Тереза уложила его в постель, потому что бедняжка дрожал у неё на руках, цеплялся за её шею и бормотал голосом, похожим на блеяние:

- Мама! мама!

VII.

Однажды, в четверг утром, Батист, печальный и угрюмый, как будто бы шел на похороны, отправился в Валенцию. В этот день на базаре, который помещался на набережной, торговали скотом. Холщевый мешок с остатками своих сбережений арендатор нес в поясе, который заметно отдувался от этого.

Дома беда шла за бедой. He доставало только одного: чтобы свалилась крыша и задавила всех сразу. "Ах, что за народ! Куда нас занесло!"

Здоровье ребенка ухудшалось с каждым днем: он дрожал от лихорадки на руках у матери, которая не переставала плакать. Врач приходил утром и вечером; эта болезнь должна была стоить, по крайней мере, от двенадцати до пятнадцати дуро.

Даже самый старший, Батистет, едва-едва решался выходить из избы. У него вся голова была в перевязках и лицо подбито после жестокой драки однажды утром с сверстниками, которые, как и он, отправлялись за навозом в Валенцию. Все подростки в окрестностях соединились против него, и бедный мальчик не мог показаться на дороге. Два младшие перестали ходить в школу из боязни драк, в которые приходилось вступать на обратном пути.

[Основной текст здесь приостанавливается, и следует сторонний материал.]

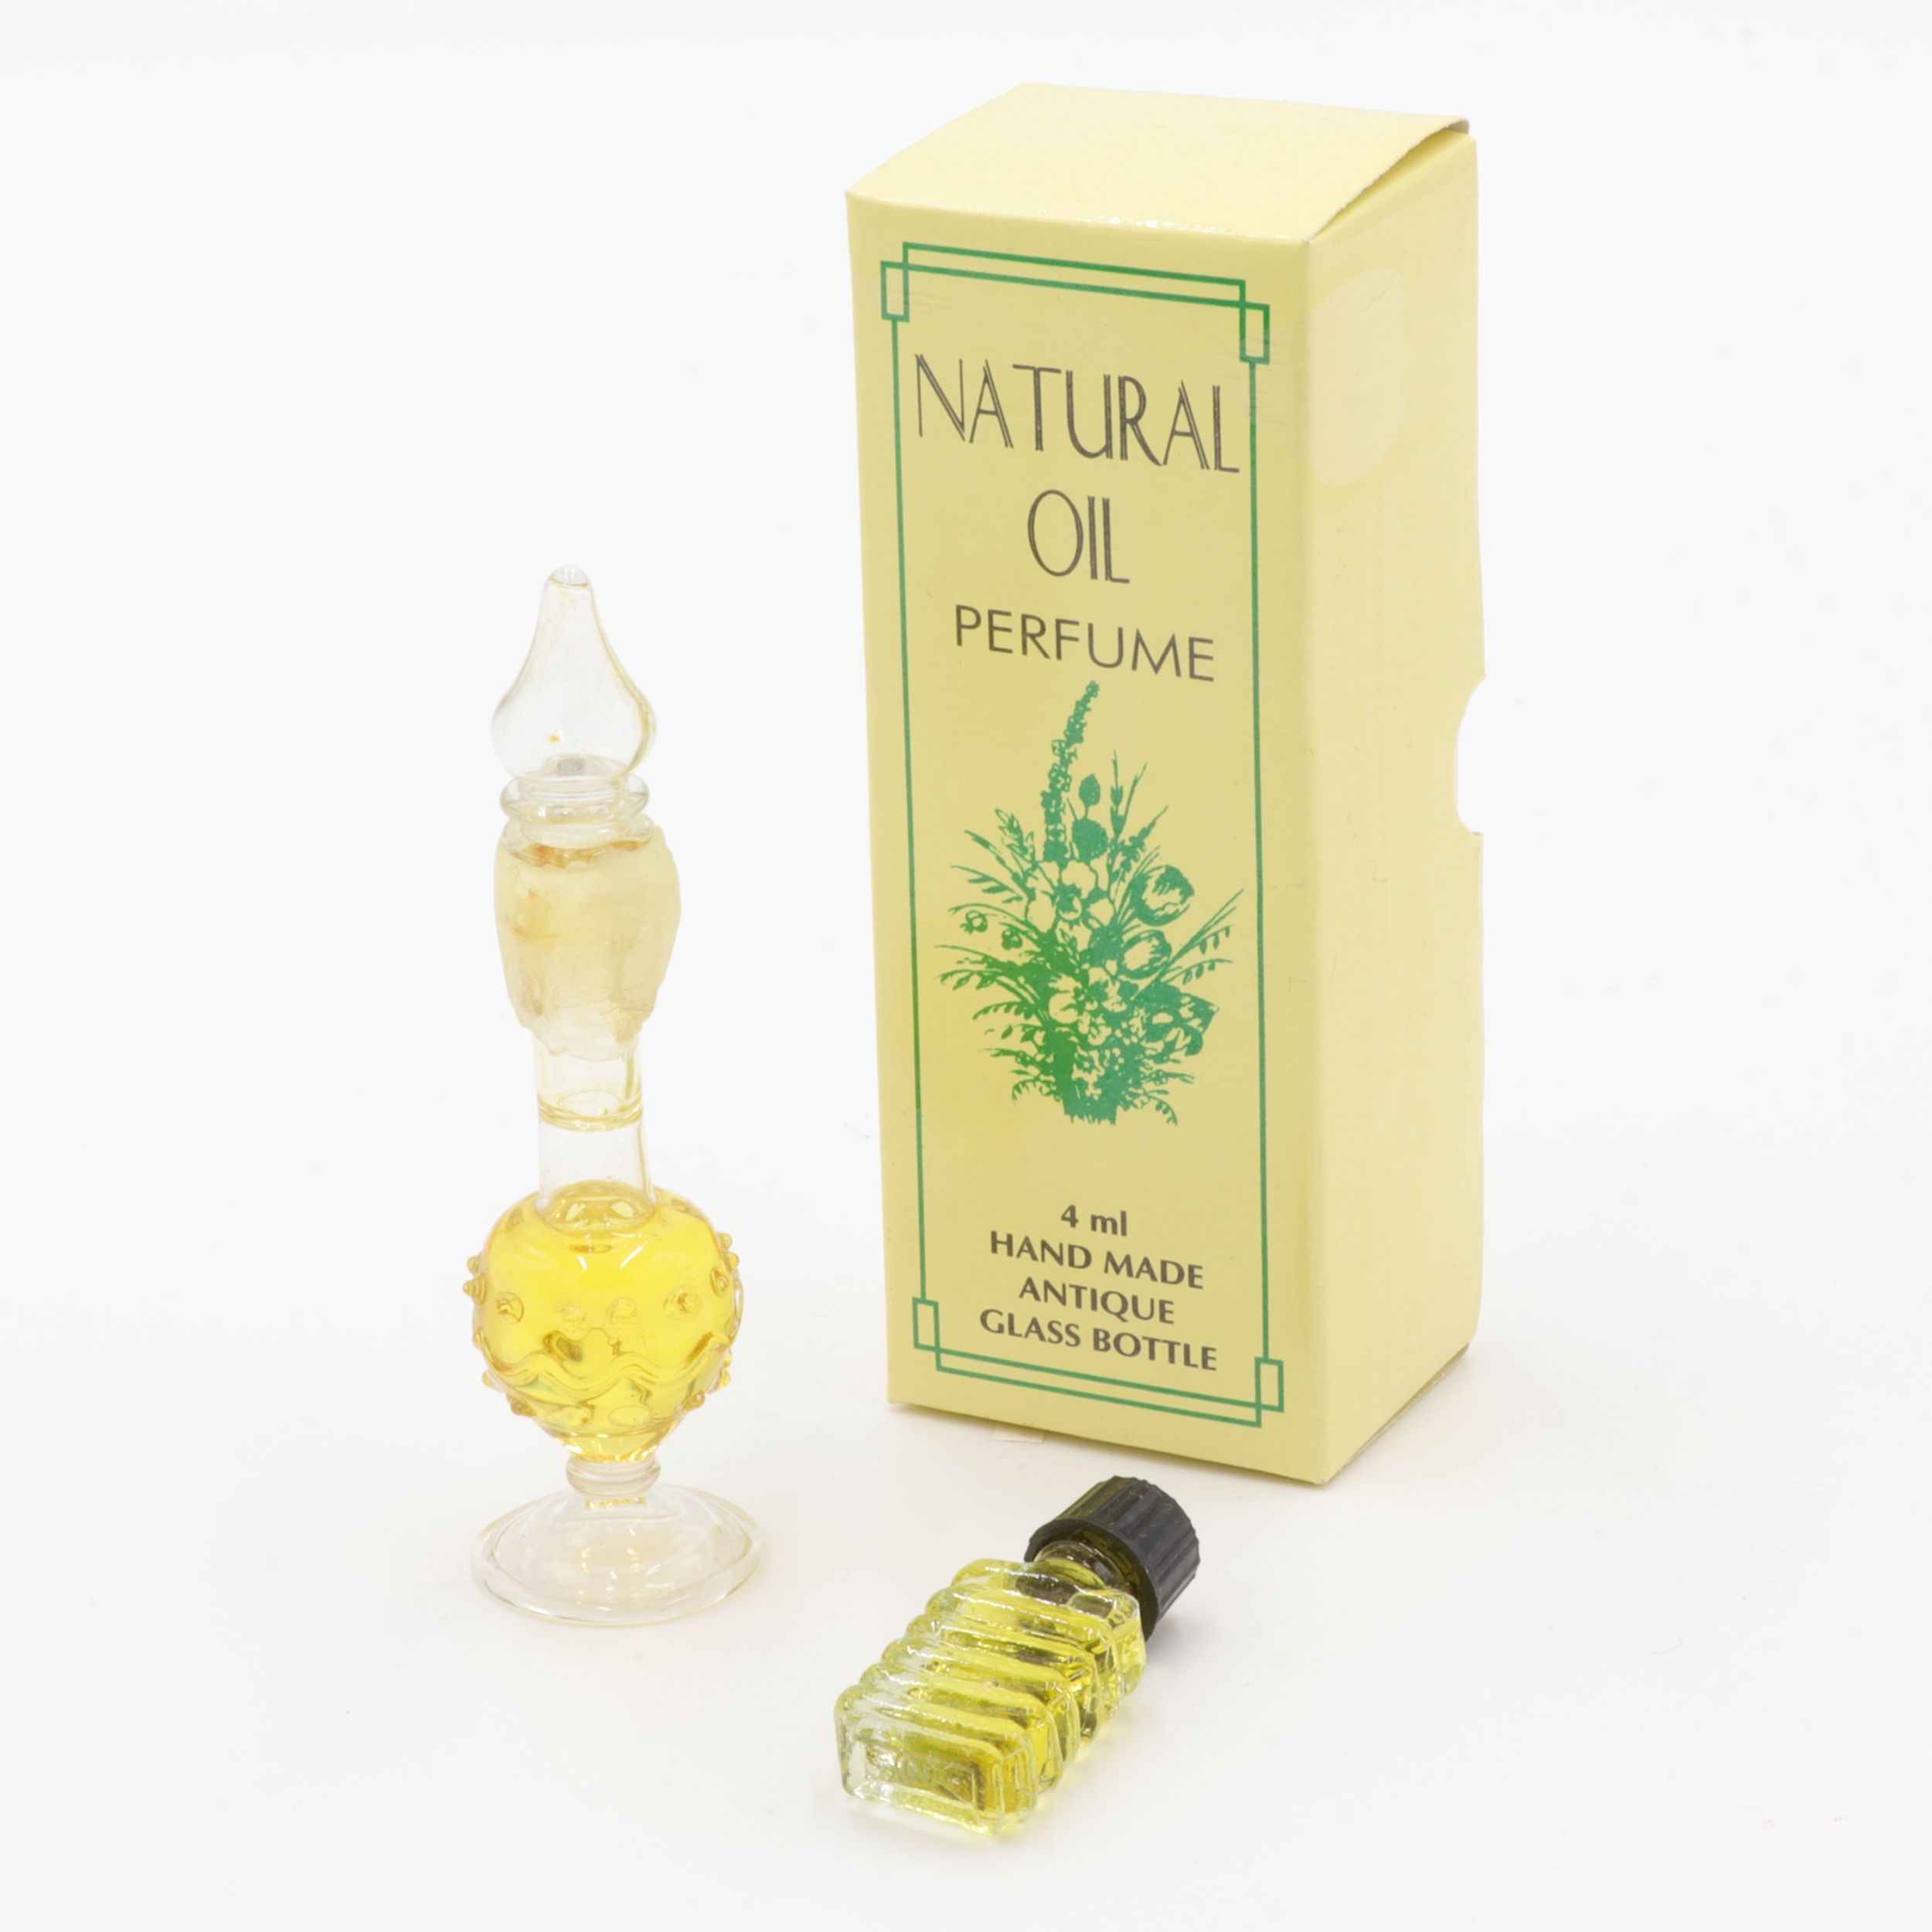 Natürliches Parfüm Öl - Antik-Flakon - Cedar Wood - feiner Duft wie eine Reise nach Indien - aus feinsten indischen Zuten - in handgemachtem Flakon

Розете, бедной девочке, было грустнее всех. Отец держал себя с нею сурово, бросал на нее строгие взгляды, желая внушить ей, что её обязанность - казаться равнодушной и что её страдания - протест против родительского авторитета. Все открылось; после знаменитой драки у бассейна "Королевы" в "уэрте" больше чем с неделю только и было разговору, что о романе прядильщицы с внуком дедушки Томбы. Пузатый Альборайский мясник выходил из себя от гнева на своего работника. "А! разбойник? Теперь понятно, почему он забывал о службе, почему он проводил вечера, шатаясь, как цыган. Этот господинчик позволил себе завести невесту, как человек, имеющий средства содержать ее. Да и невеста же, прости Господи! Стоило только послушать разговоры покупателей у его лавки. Все говорили одно и то же; удивляюсь, как он, человек верующий, почтенный и с тем единственным пороком, что иногда слегка обвешивал, - позволял своему работнику ухаживать за дочерью общего врага, человека безчестного, о котором говорили, что он был на каторге". Так как все эти разговоры, по мнению пузатого хозяина, безчестили его заведение, то каждый раз как судачили кумушки, он приходил в неистовство, грозил робкому парню топором или разражался бранью против деда Томбы за то, что тот не учит этого мошенника. В конце-концов, мясник уволил Тонета, а его дедушка нашел ему место в Валенции у другого мясника, которому внушил не давать отпуска парню даже и по праздникам, чтобы влюбленный не имел возможности приходить на дорогу и поджидать дочь Батиста.

Тонет покорился и ушел со слезами на глазах, как один из тех ягнят, которых он так часто водил под нож своего хозяина. Да, он больше не вернется... И бедная Розета пряталась у себя в спаленке, чтобы плакать, стараясь скрыть свою печаль от матери, которая стала раздражительна от стольких неприятностей и постоянно ходила с сердитым лицом, а также от отца, который грозился переломать ей кости, если она заведет еще возлюбленного и, таким образом, даст пищу сплетням их врагов.

Между тем, несмотря на такую строгость и угрозы, Батист сильно мучился горем дочери. Напрасно старалась казаться она равнодушной: он замечал, что она плохо ест, желтеет, что глаза её вваливаются: она почти не спала, что, впрочем, не мешало ей каждый день аккуратно ходить на фабрику. Взгляд у неё стал какой-то блуждающий: видно было, что думы её где-то в ином месте, что какая-то мечта постоянно владеет ею. Да, добряк Батист, наедине с самим собою, очень огорчался тем, что видел: он тоже когда-то был молод и знал, как мучительны сердечные страдания.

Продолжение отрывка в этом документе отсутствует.